The potential benefits of using the ECMWF Ensemble Prediction System (EPS) for waves and marine surface winds are demonstrated using buoy and platform data as well as altimeter data. For forecasting purposes, the spread of the different forecasts in the ensemble may indeed be regarded as a measure of the uncertainties in the deterministic predictions. In order to demonstrate this point, a new method is presented in which the ensemble spread is divided into different classes. An upper bound for the model errors is established by calculating the corresponding percentiles of the errors for each separate class. Using this upper bound for the model errors, a strong correlation between the ensemble spread and the deterministic forecast skill is shown. The reliability of the probability forecasts as derived from the EPS for wind and waves is found to be good. However, the reliability diagrams indicate a small tendency for overconfidence in the wave probability forecasts for waves above 6 and 8 m. This is most pronounced in the Southern Hemisphere, whereas the reliability for the Northern Hemisphere is relatively good.
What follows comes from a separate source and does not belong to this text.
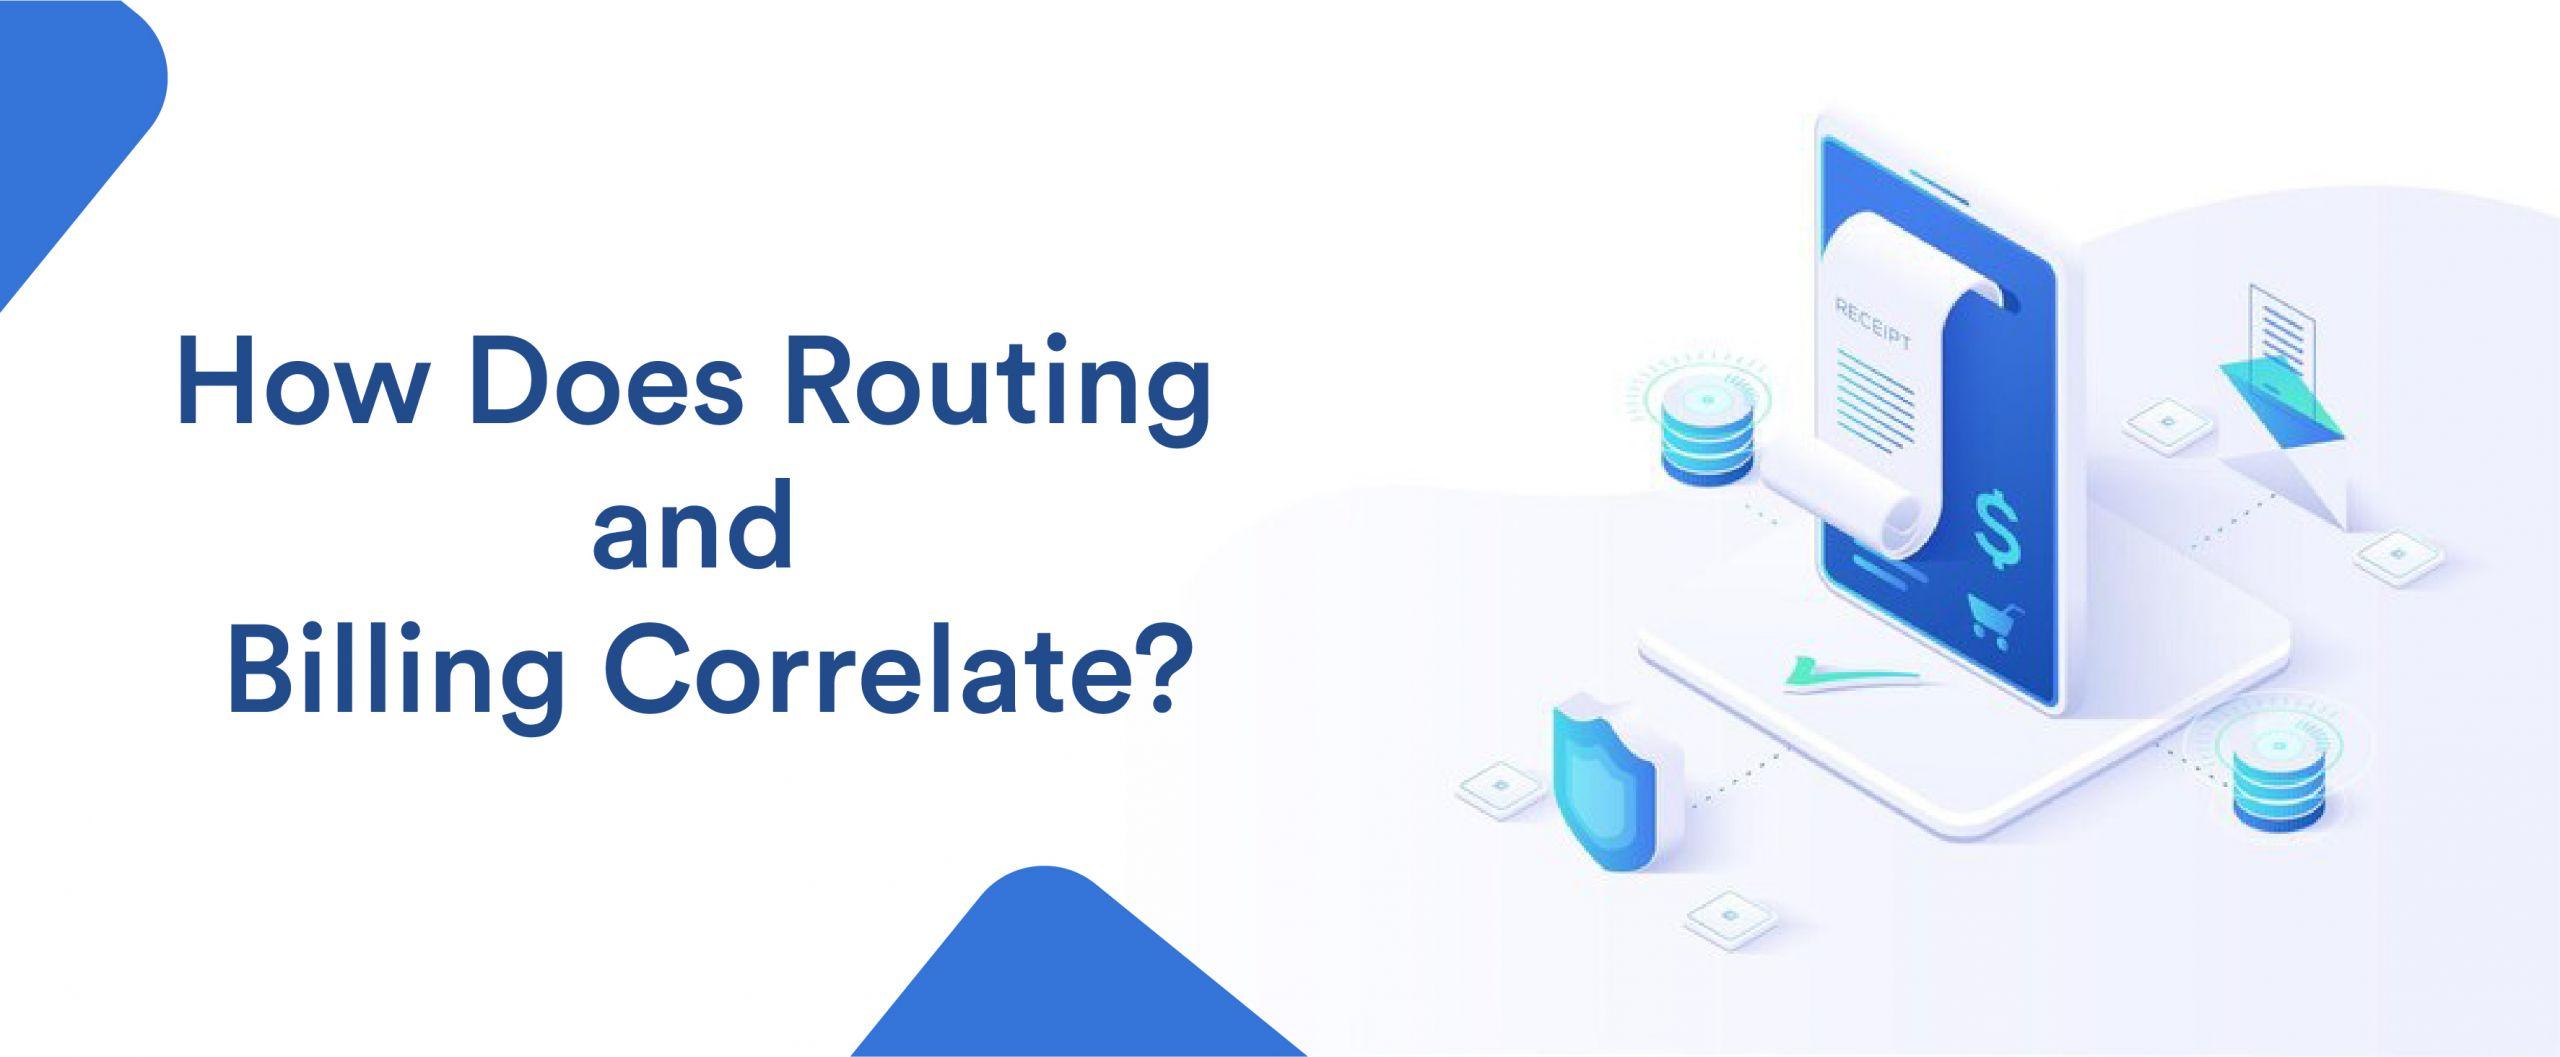 How Does Routing and Billing Correlate?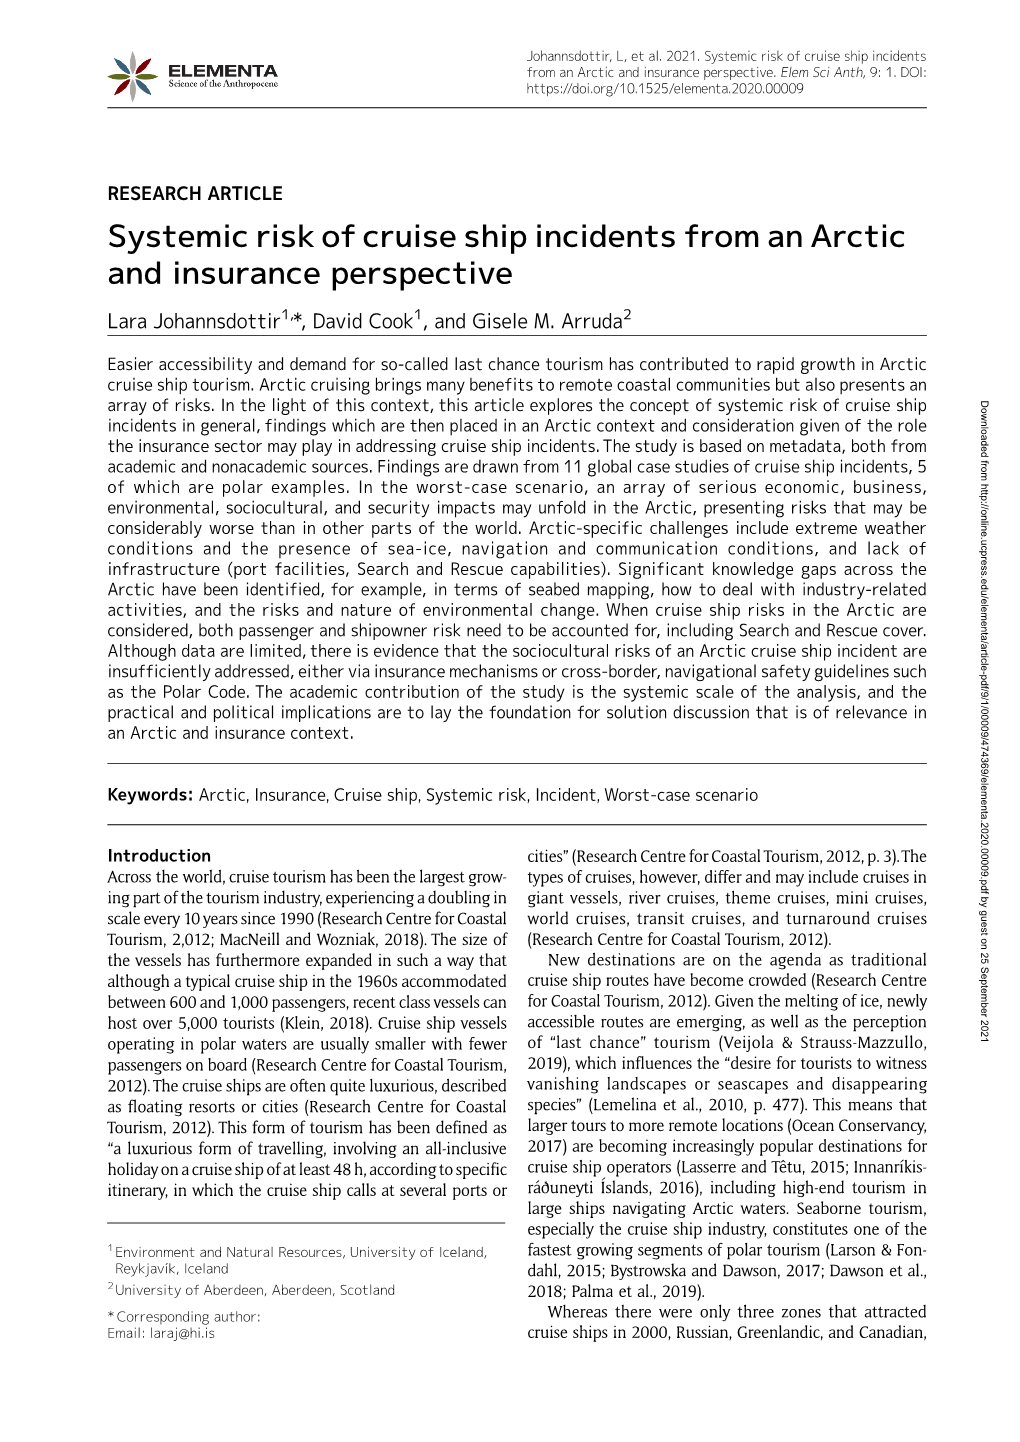 Systemic Risk of Cruise Ship Incidents from an Arctic and Insurance Perspective

The impact of using of the wave EPS in decision making is studied by a cost–loss model for the relative economic value. For comparison, poor-man's ensembles (PMEs) are also created by adding normally distributed noise to the control forecasts. This study reveals that the real EPS performs better than both the PME and the control forecasts in terms of relative economic value. When more complex forecasting parameters are considered, such as the joint probability of wave height and period, benefits of using the EPS become even more pronounced.